Records from a data source:

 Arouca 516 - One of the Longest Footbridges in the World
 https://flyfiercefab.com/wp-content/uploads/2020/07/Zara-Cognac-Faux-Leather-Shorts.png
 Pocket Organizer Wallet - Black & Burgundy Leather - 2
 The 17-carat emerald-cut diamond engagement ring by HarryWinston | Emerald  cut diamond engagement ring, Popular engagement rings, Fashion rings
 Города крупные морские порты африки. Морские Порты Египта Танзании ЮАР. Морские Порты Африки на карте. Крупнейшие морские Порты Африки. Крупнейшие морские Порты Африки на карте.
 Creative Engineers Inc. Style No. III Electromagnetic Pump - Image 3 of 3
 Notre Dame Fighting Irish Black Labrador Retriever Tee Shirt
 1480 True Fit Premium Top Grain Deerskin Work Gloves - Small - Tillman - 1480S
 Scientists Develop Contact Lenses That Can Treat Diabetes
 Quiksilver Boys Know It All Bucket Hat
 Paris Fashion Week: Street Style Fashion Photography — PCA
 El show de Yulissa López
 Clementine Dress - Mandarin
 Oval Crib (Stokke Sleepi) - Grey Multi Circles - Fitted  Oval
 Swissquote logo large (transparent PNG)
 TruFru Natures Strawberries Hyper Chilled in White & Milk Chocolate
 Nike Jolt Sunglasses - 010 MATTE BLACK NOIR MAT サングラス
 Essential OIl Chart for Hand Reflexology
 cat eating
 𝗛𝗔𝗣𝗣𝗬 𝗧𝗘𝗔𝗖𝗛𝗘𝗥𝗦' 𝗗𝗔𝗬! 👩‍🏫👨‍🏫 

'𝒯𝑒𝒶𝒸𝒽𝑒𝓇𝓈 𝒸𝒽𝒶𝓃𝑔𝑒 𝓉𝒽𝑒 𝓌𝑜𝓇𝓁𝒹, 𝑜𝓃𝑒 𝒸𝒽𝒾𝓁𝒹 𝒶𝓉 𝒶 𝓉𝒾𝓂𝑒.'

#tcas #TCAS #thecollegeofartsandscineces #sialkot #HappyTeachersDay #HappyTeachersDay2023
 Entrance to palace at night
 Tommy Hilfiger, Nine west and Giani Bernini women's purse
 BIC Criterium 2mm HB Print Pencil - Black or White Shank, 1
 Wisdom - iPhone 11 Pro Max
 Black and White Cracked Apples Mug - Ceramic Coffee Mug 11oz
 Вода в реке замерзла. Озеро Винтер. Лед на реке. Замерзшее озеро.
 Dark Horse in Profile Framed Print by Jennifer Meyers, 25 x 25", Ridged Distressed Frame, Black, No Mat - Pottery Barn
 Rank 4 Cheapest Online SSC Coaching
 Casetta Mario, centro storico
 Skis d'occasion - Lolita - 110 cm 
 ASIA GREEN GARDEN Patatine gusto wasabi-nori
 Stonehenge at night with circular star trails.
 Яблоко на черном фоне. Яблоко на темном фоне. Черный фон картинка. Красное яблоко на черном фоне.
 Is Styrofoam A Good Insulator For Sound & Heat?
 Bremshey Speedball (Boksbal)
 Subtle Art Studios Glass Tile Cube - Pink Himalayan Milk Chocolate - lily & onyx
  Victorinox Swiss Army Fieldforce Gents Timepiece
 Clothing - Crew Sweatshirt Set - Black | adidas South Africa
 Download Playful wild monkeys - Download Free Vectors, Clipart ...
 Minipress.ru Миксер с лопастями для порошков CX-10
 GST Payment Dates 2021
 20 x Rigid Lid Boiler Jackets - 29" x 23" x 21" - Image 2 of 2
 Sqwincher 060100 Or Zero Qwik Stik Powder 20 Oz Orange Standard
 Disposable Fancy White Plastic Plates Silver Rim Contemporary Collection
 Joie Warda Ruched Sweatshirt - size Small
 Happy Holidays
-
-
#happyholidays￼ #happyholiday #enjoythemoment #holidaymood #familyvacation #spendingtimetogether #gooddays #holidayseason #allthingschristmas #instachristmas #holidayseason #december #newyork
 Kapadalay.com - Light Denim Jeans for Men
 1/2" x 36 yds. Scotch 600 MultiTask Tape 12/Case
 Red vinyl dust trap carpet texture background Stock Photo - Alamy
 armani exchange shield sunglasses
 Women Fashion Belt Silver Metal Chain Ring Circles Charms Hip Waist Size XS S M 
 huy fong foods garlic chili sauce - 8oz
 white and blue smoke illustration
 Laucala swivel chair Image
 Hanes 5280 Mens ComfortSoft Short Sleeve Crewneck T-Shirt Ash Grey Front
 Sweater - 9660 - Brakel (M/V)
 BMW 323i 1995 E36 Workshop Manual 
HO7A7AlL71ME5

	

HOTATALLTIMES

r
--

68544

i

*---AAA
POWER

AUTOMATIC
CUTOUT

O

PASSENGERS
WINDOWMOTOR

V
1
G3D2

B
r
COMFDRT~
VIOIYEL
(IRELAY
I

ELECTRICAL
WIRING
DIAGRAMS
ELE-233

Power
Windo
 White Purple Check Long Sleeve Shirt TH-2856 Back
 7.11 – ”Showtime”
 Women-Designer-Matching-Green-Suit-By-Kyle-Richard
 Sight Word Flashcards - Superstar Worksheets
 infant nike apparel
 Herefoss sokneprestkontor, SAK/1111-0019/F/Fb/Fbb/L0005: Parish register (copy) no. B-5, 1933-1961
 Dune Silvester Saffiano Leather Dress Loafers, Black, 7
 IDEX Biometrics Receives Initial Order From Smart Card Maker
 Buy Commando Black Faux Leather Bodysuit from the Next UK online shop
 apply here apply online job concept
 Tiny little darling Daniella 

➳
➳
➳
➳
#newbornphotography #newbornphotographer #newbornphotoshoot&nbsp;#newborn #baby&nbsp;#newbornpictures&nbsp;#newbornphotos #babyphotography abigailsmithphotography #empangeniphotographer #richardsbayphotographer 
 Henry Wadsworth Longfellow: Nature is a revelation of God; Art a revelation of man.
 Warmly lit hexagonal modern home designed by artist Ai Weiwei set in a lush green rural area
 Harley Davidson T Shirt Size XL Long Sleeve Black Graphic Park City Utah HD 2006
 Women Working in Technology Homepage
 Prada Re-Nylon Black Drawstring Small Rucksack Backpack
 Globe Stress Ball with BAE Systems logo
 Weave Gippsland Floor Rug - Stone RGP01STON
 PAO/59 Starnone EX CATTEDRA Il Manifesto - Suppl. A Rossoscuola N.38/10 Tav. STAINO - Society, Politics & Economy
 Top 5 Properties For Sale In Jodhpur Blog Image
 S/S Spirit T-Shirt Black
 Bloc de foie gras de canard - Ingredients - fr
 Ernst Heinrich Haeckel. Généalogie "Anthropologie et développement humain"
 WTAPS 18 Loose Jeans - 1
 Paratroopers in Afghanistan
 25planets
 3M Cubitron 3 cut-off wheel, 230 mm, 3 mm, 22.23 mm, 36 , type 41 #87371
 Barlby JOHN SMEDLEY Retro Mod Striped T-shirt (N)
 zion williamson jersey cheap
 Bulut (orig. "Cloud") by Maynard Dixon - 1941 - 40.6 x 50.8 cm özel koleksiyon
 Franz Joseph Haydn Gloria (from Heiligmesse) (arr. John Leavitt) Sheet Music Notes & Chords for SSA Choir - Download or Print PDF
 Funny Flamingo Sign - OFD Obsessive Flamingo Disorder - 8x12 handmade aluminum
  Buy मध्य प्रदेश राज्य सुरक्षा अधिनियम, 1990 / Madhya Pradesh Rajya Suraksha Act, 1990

**Work order**
Please return the lines above that run from the line containing "IDEX Biometrics Receives" to the line containing "Barlby JOHN SMEDLEY", inclusive, exactly and with no other lines.

**Problem solution**
 IDEX Biometrics Receives Initial Order From Smart Card Maker
 Buy Commando Black Faux Leather Bodysuit from the Next UK online shop
 apply here apply online job concept
 Tiny little darling Daniella 

➳
➳
➳
➳
#newbornphotography #newbornphotographer #newbornphotoshoot&nbsp;#newborn #baby&nbsp;#newbornpictures&nbsp;#newbornphotos #babyphotography abigailsmithphotography #empangeniphotographer #richardsbayphotographer 
 Henry Wadsworth Longfellow: Nature is a revelation of God; Art a revelation of man.
 Warmly lit hexagonal modern home designed by artist Ai Weiwei set in a lush green rural area
 Harley Davidson T Shirt Size XL Long Sleeve Black Graphic Park City Utah HD 2006
 Women Working in Technology Homepage
 Prada Re-Nylon Black Drawstring Small Rucksack Backpack
 Globe Stress Ball with BAE Systems logo
 Weave Gippsland Floor Rug - Stone RGP01STON
 PAO/59 Starnone EX CATTEDRA Il Manifesto - Suppl. A Rossoscuola N.38/10 Tav. STAINO - Society, Politics & Economy
 Top 5 Properties For Sale In Jodhpur Blog Image
 S/S Spirit T-Shirt Black
 Bloc de foie gras de canard - Ingredients - fr
 Ernst Heinrich Haeckel. Généalogie "Anthropologie et développement humain"
 WTAPS 18 Loose Jeans - 1
 Paratroopers in Afghanistan
 25planets
 3M Cubitron 3 cut-off wheel, 230 mm, 3 mm, 22.23 mm, 36 , type 41 #87371
 Barlby JOHN SMEDLEY Retro Mod Striped T-shirt (N)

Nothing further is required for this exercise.